## Recorded information
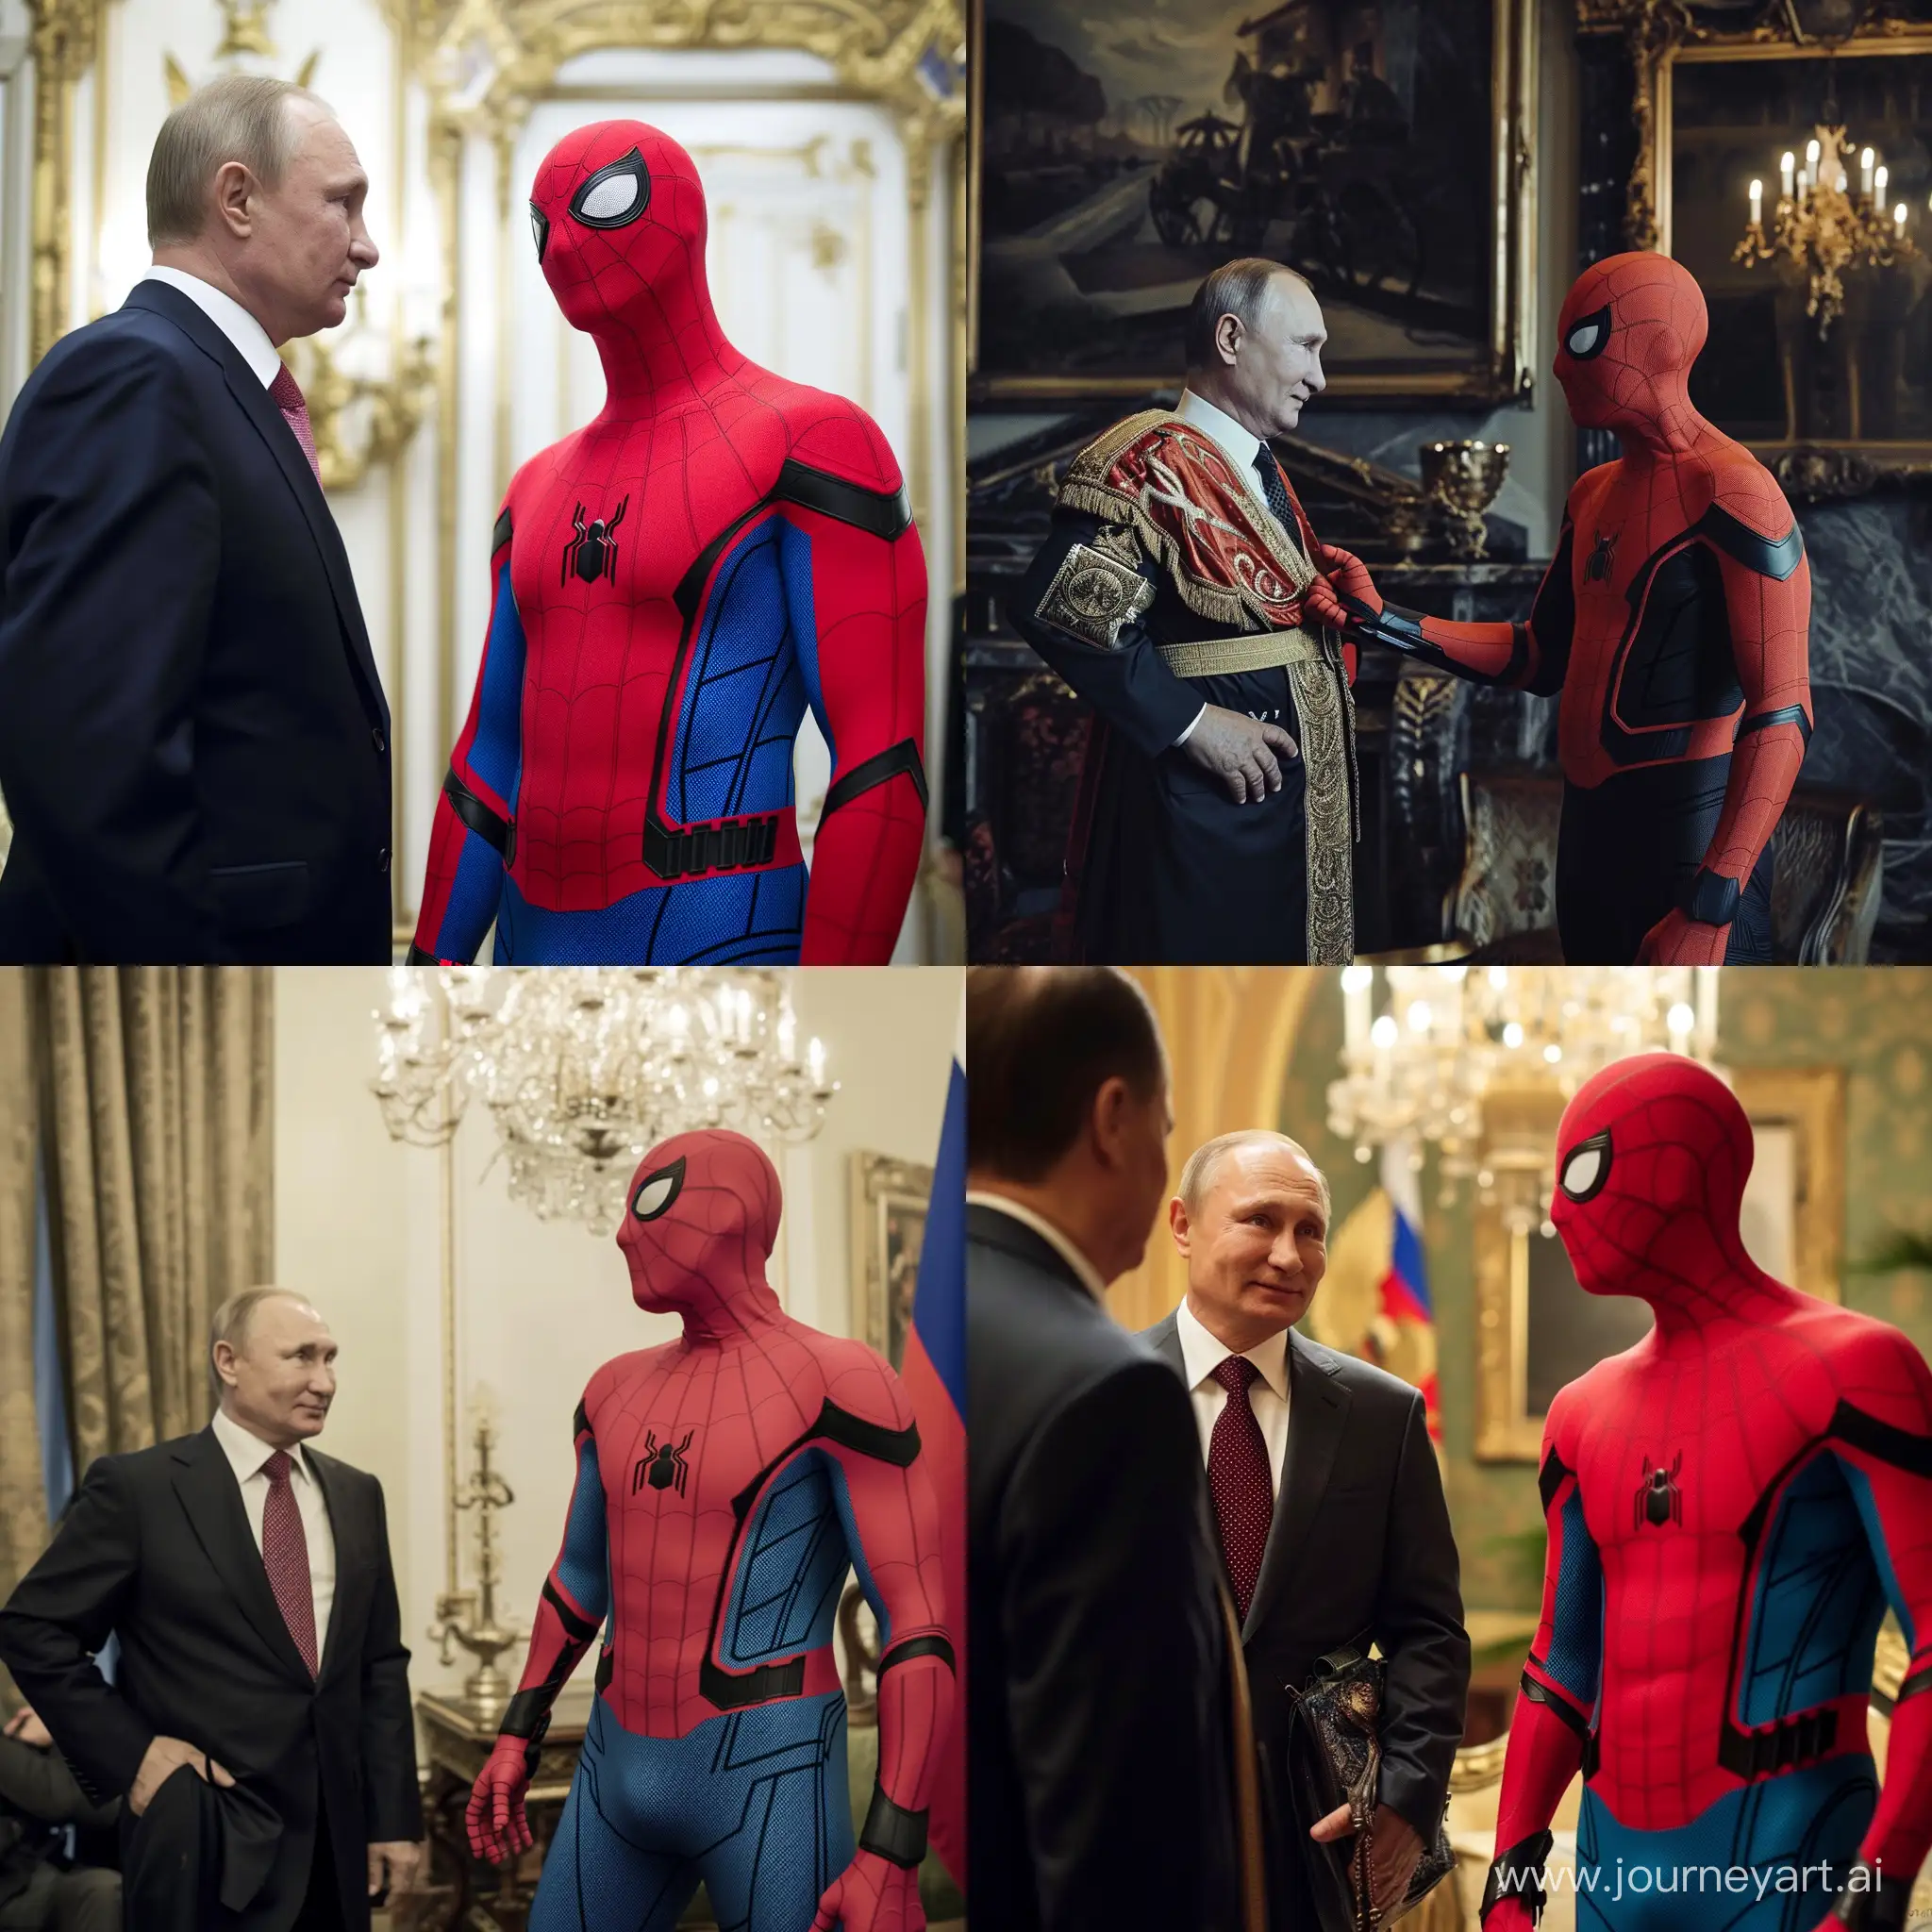 Putins-Encounter-with-SpiderMan-at-the-Kremlin
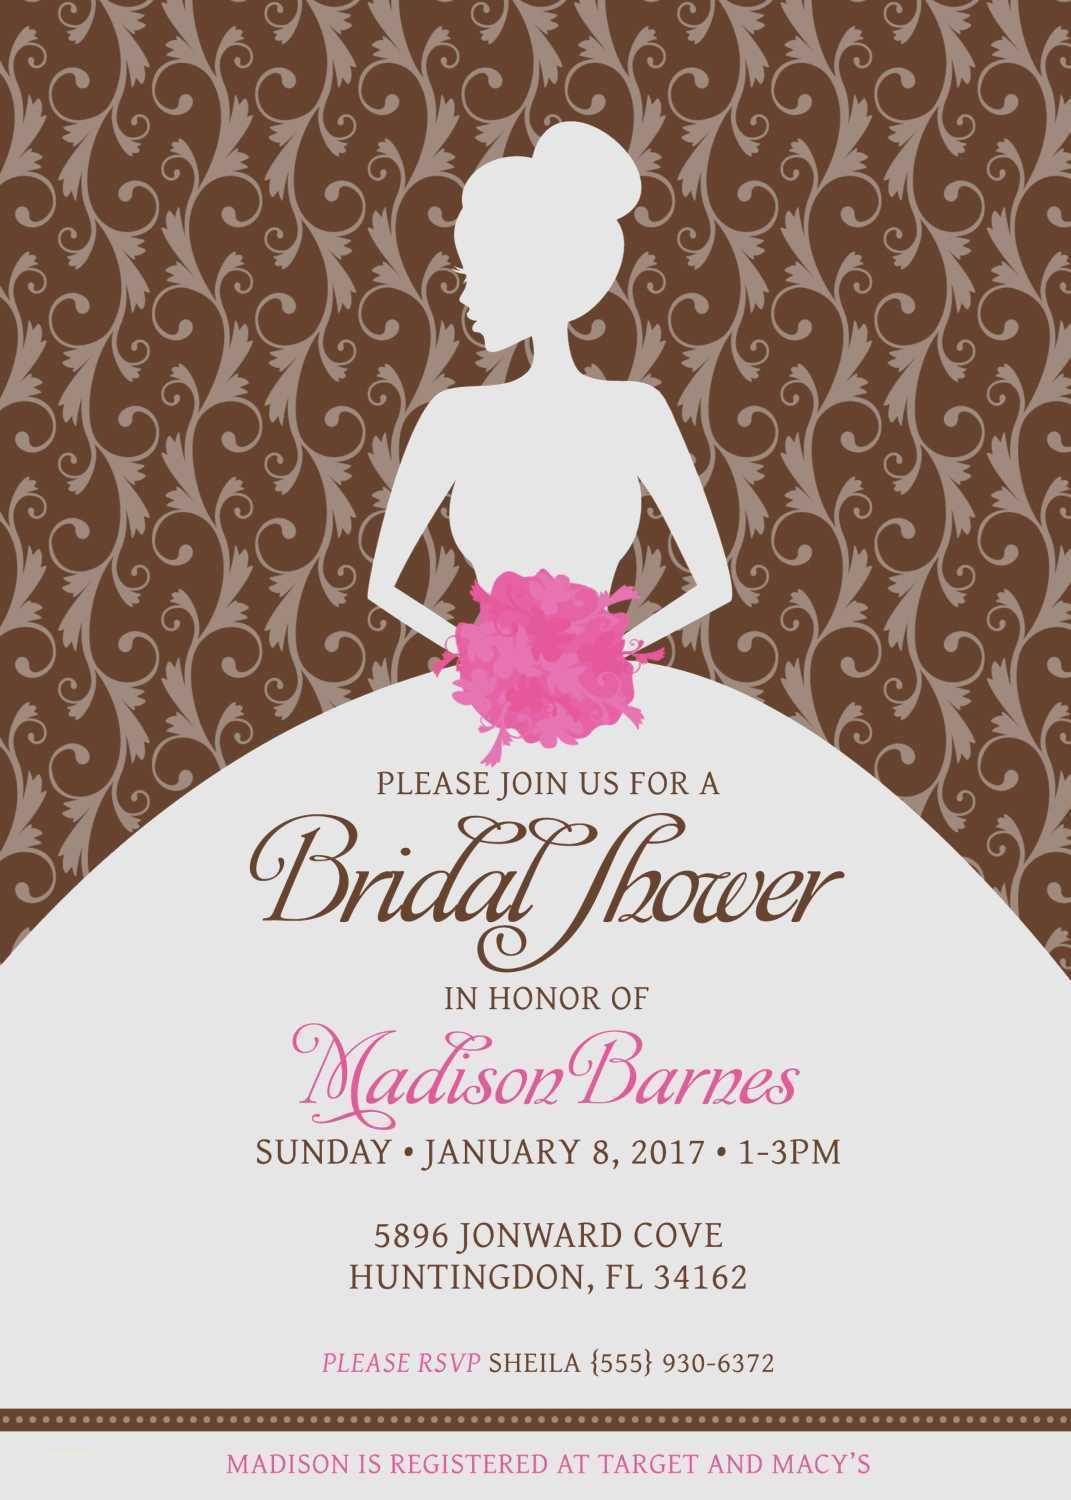 Bridal Shower Invitations. Blank Bridal Shower Invitations Intended For Blank Bridal Shower Invitations Templates
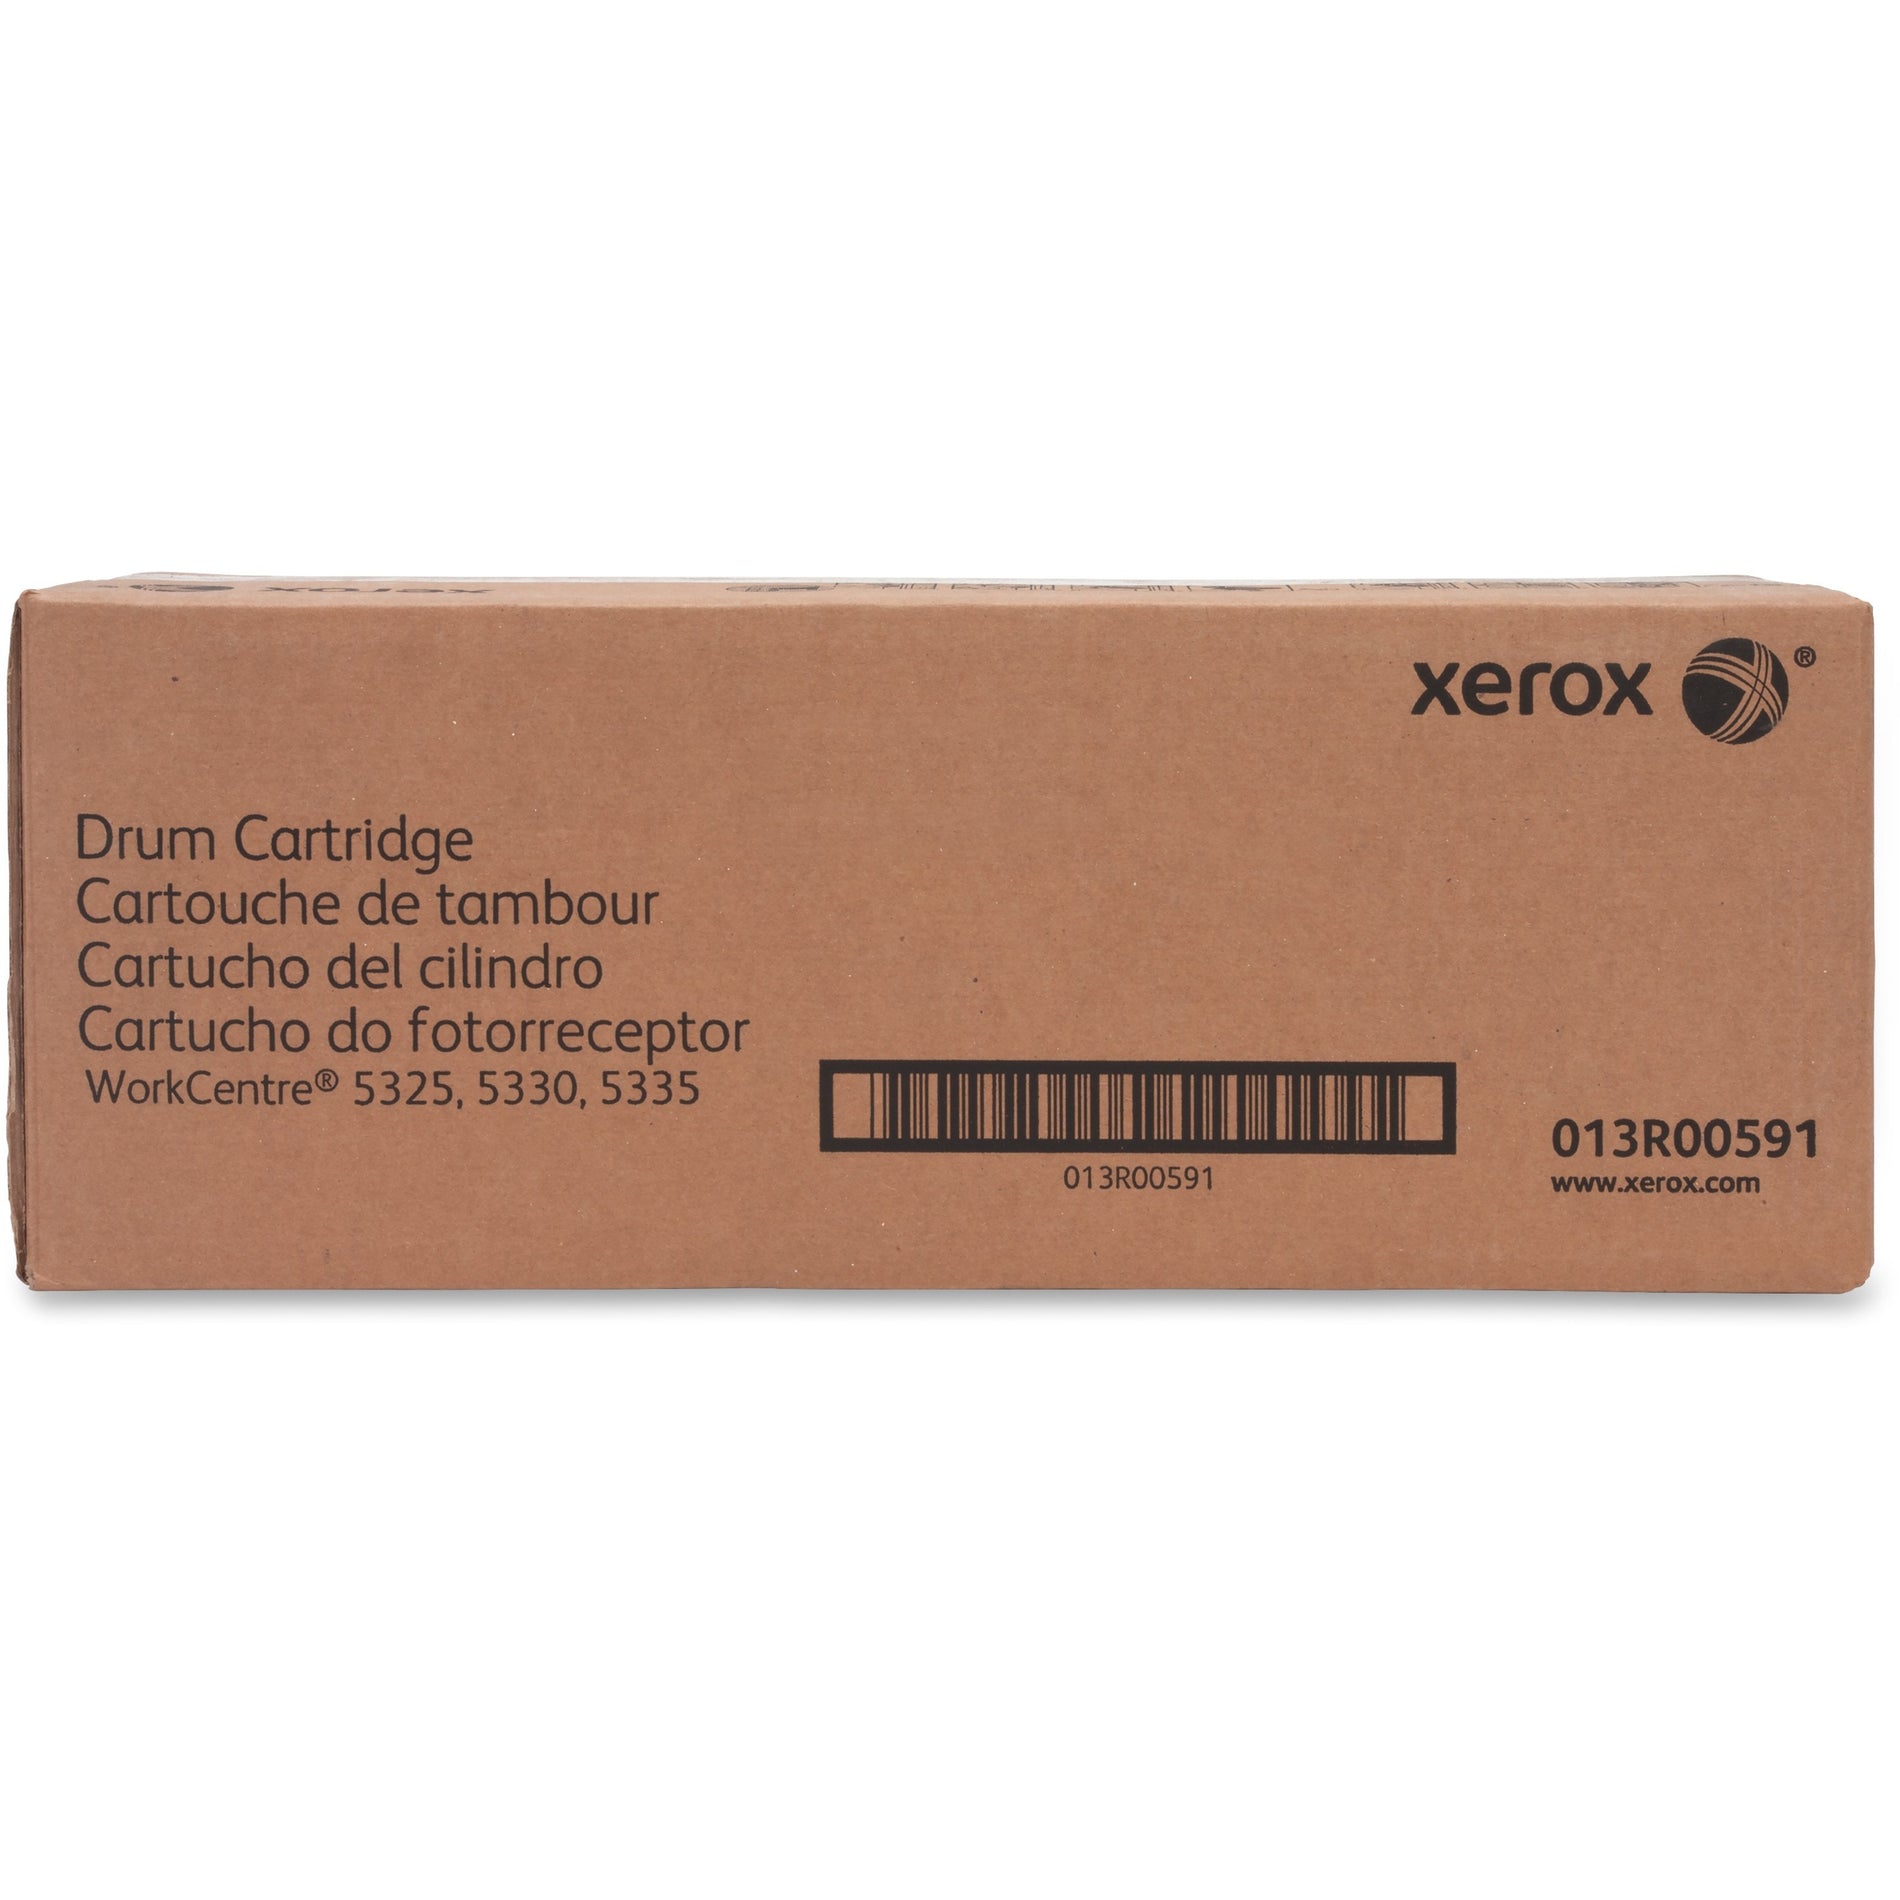 Xerox 013R00591 WorkCentre 5300 Drum Cartridge, 96,000 Page Yield, Black

## Problem statement
Inclusive range, exact copy: the line containing "Bridal Shower Invitations." through the last line of the listing. Print nothing else, and no pictures.

## Solution below
 Bridal Shower Invitations. Blank Bridal Shower Invitations Intended For Blank Bridal Shower Invitations Templates
 Xerox 013R00591 WorkCentre 5300 Drum Cartridge, 96,000 Page Yield, Black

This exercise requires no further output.